Ambient Noise Interferometry for Passive Characterization of Dynamic Environments

Non-invasive, stealthy nature of passive remote sensing combined with its low cost make passive techniques a promising supplement or replacement of traditional active remote sensing techniques. Coherent processing of diffuse wave fields has a proven potential for remote sensing of stationary environments. The proposed research extends noise interferometry to characterization of dynamic environments. We will develop “acoustic daylight” and “radio wave daylight” techniques for retrieval of information about targets and their surroundings from the ambient acoustic noise and the background radio waves; and determine which environmental parameters and types of targets can be effectively monitored through ambient noise interferometry.
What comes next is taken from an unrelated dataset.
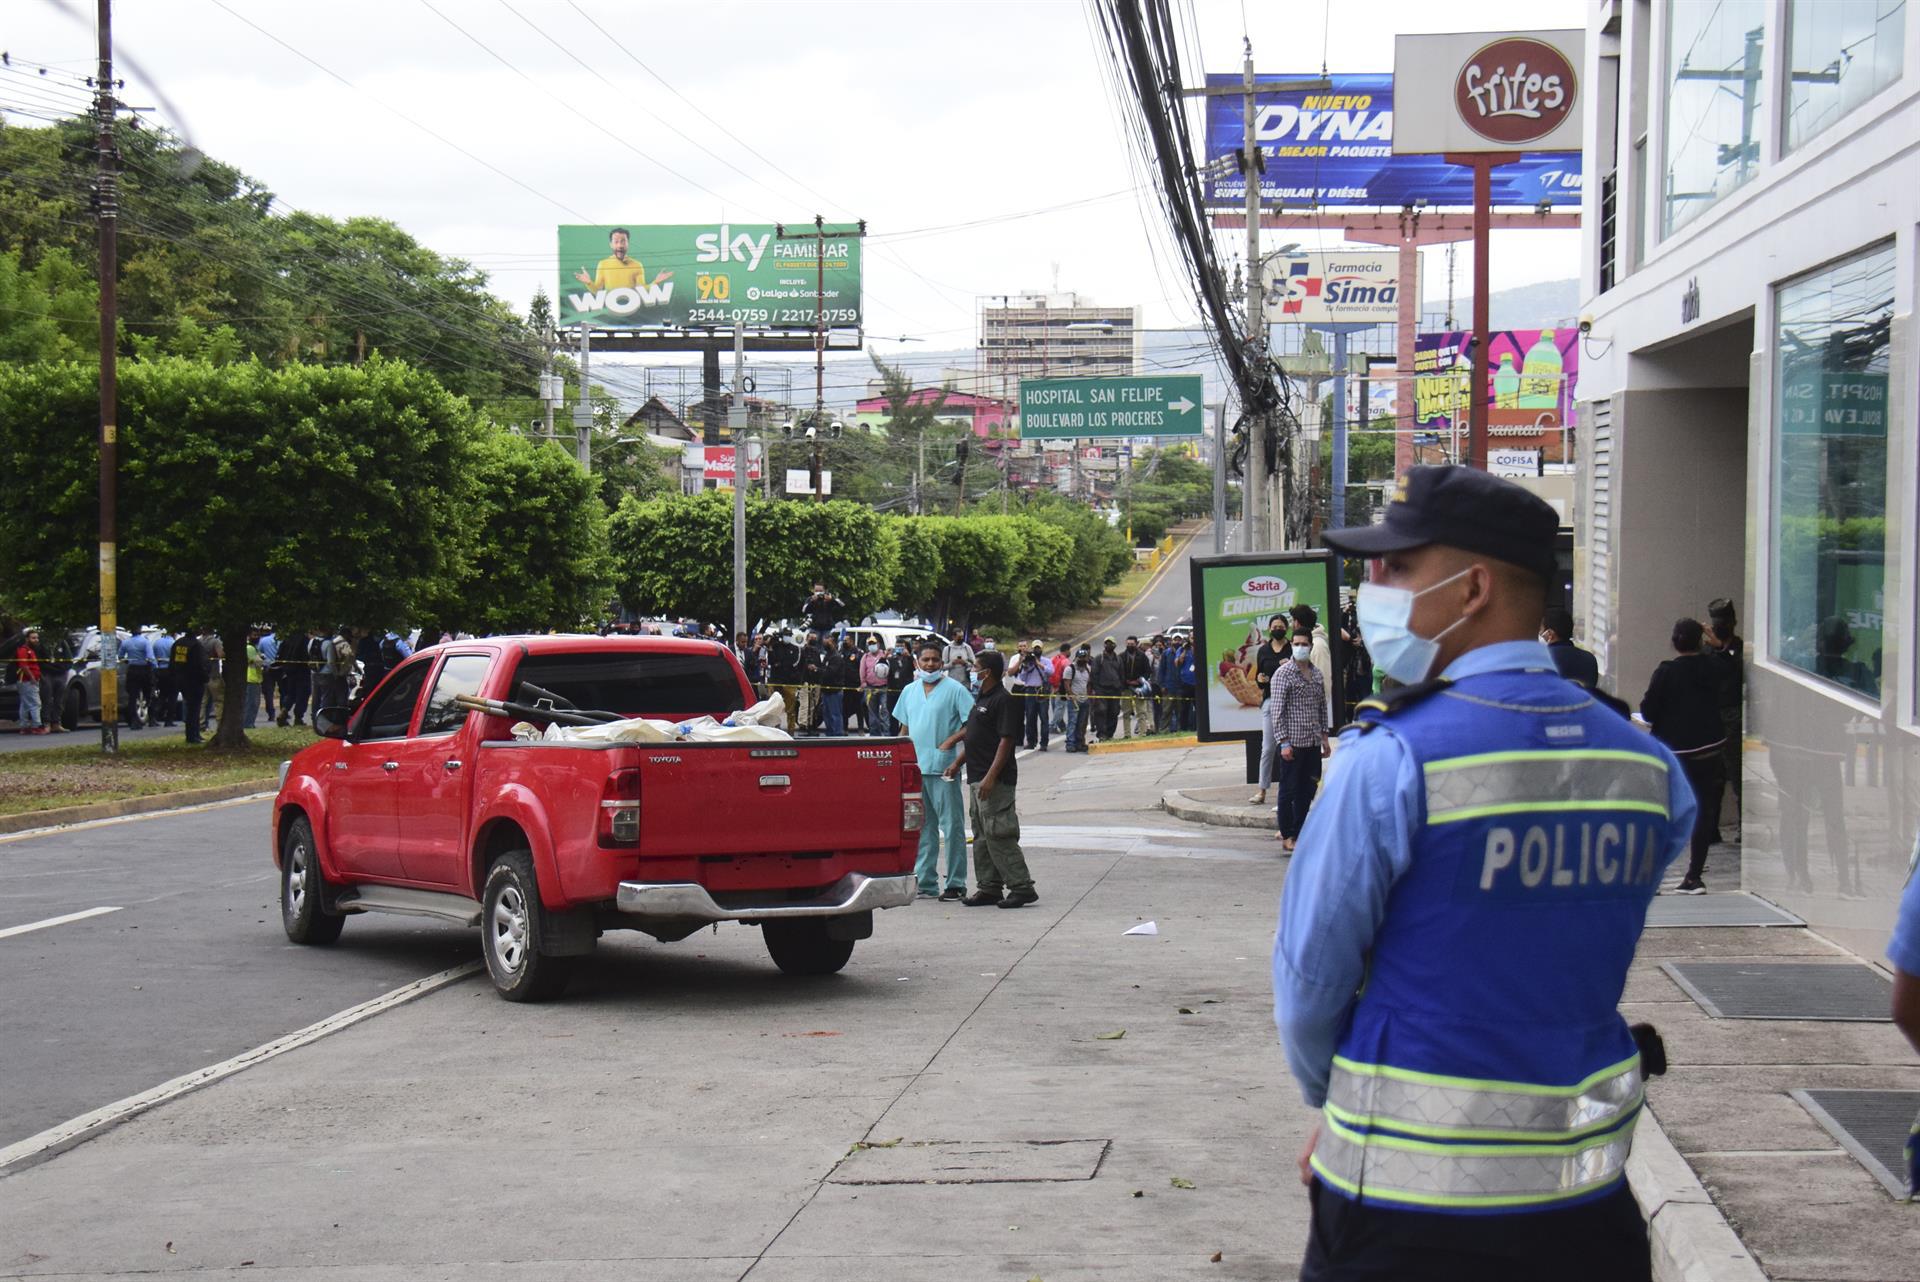 Policías y expertos forenses realizan el levantamiento de cuatro personas asesinadas en la madrugada de hoy, a la salida del estacionamiento de un edificio donde funcionan locales comerciales y residenciales, en Tegucigalpa (Honduras).

During Phase I we propose to demonstrate experimentally the feasibility of passive acoustic measurements of sound speed and flow velocity in a moving fluid and to evaluate necessary noise averaging times and receiver network geometry for detection of targets and achieving desired accuracy of passive acoustic measurements of environmental parameters. In case of positive results of Phase I, the efforts of Phase I optional part and Phase II will be directed toward extension of the interferometric approach to ambient acoustic noise in the ocean and to electromagnetic ambient noise in the microwave band in the atmosphere as well as to optimization of the data acquisition geometry, frequency band, and data processing algorithms to improve accuracy of passive travel time measurements and sensitivity to weak, transient environmental perturbations.